WHAT IS EXPECTED
For this exercise, repeat the whole listing below exactly. Leave the pictures out.
[GIVEN INFORMATION — start]
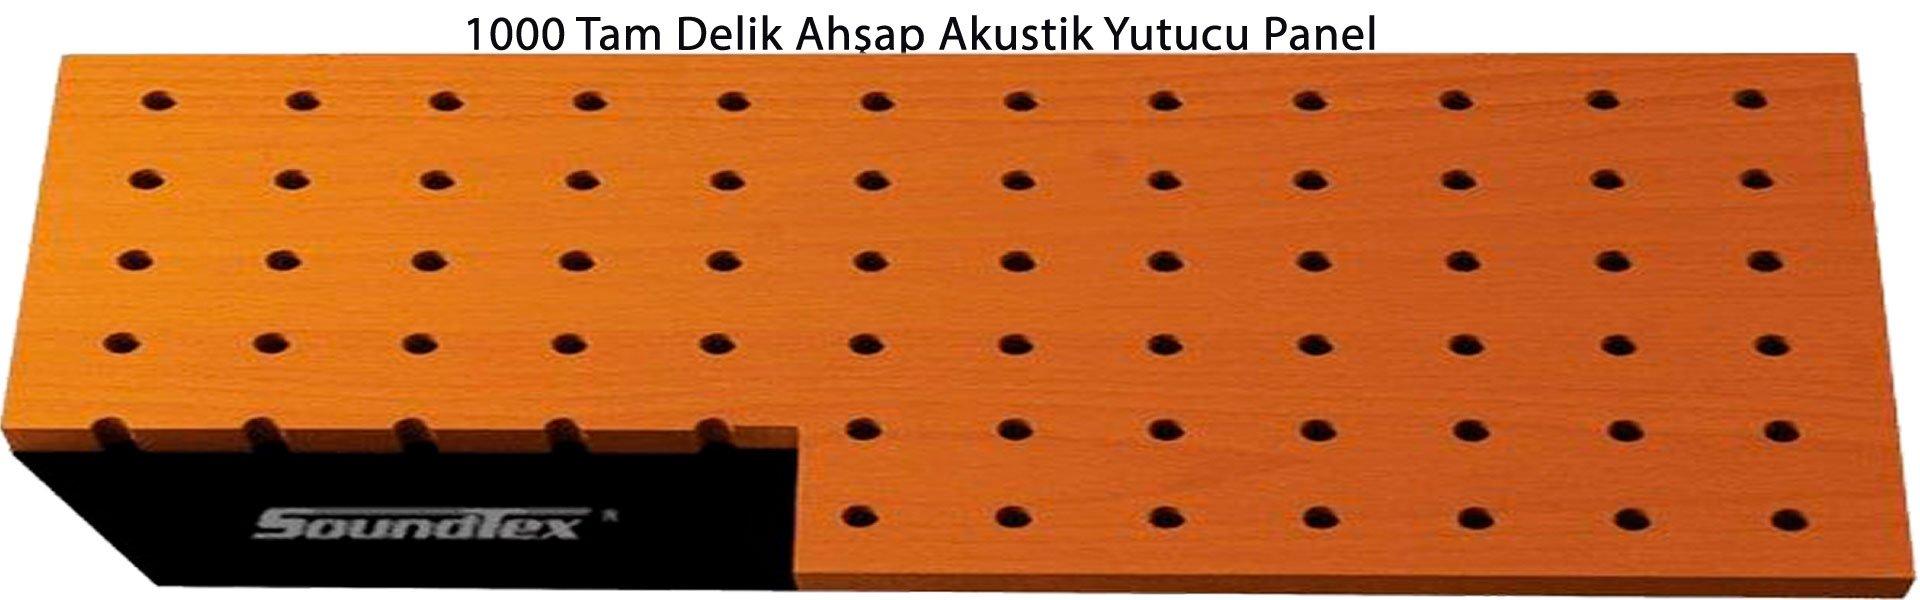 1000 Tam Delik Ahşap Akustik Yutucu Panel
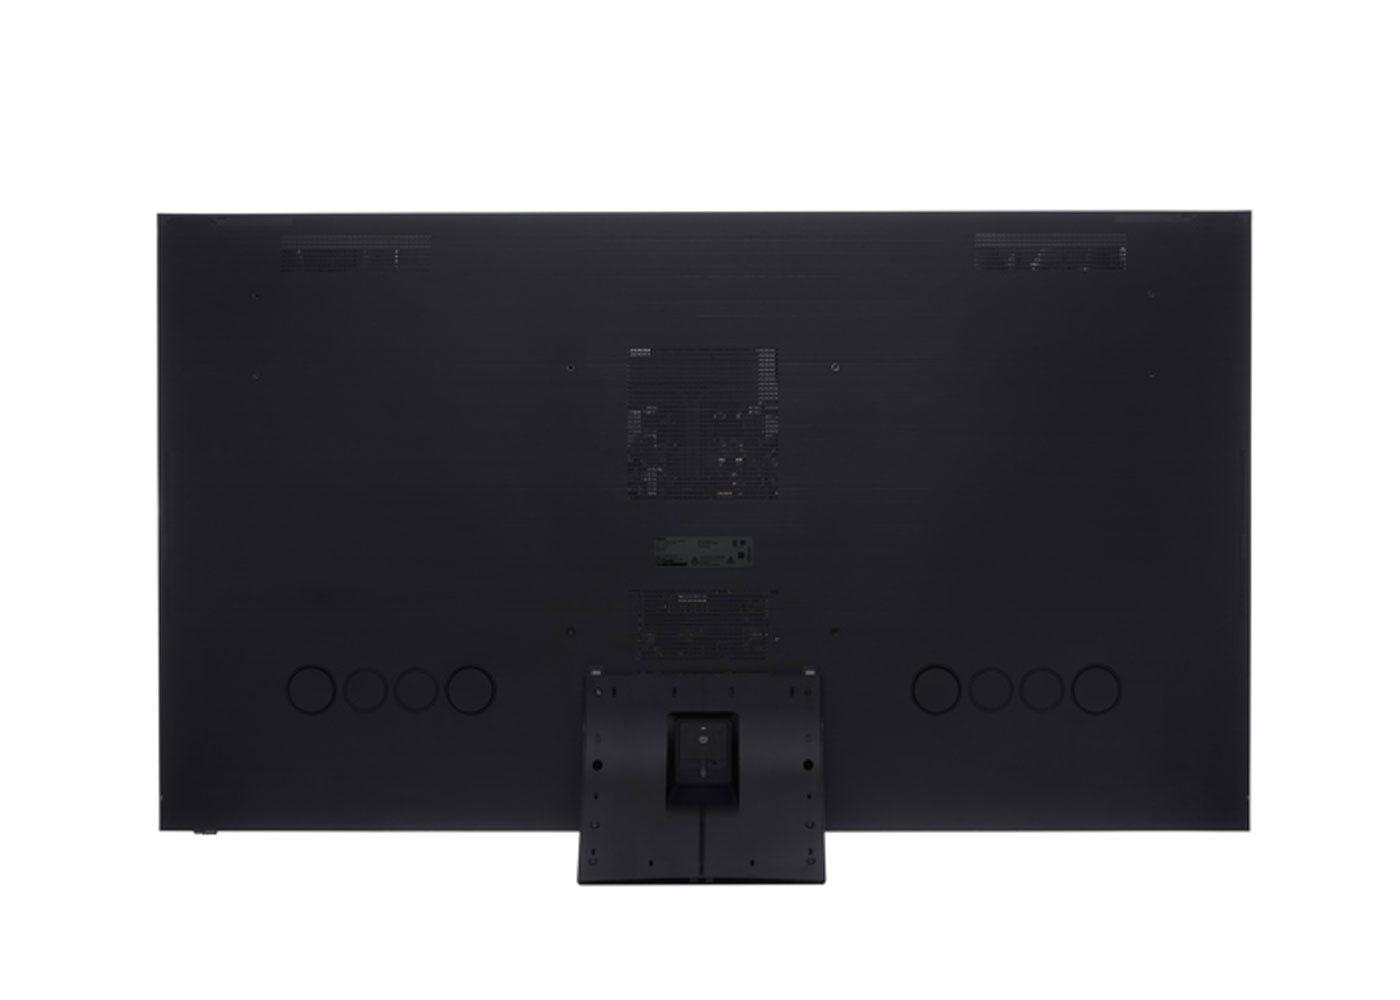 As shown: Samsung 2020 75 Q950TS Flagship QLED 8K HDR 4000 Smart TV - Rear profile.
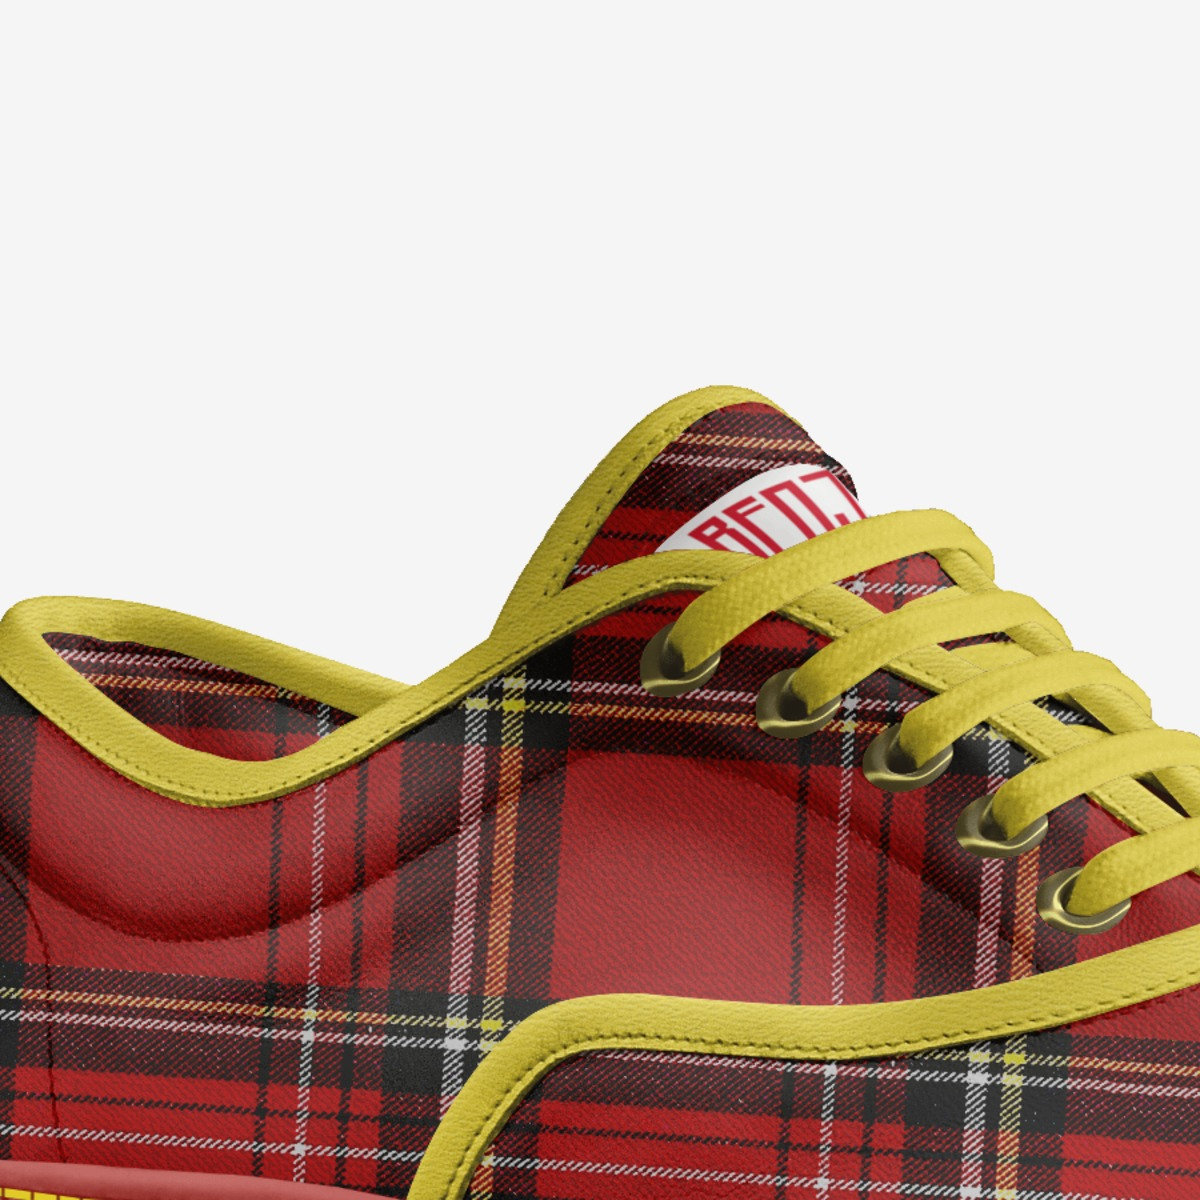 benj-shoes-detail (3).jpg
[GIVEN INFORMATION — finish]
WRITTEN REPLY
 1000 Tam Delik Ahşap Akustik Yutucu Panel
 As shown: Samsung 2020 75 Q950TS Flagship QLED 8K HDR 4000 Smart TV - Rear profile.
 benj-shoes-detail (3).jpg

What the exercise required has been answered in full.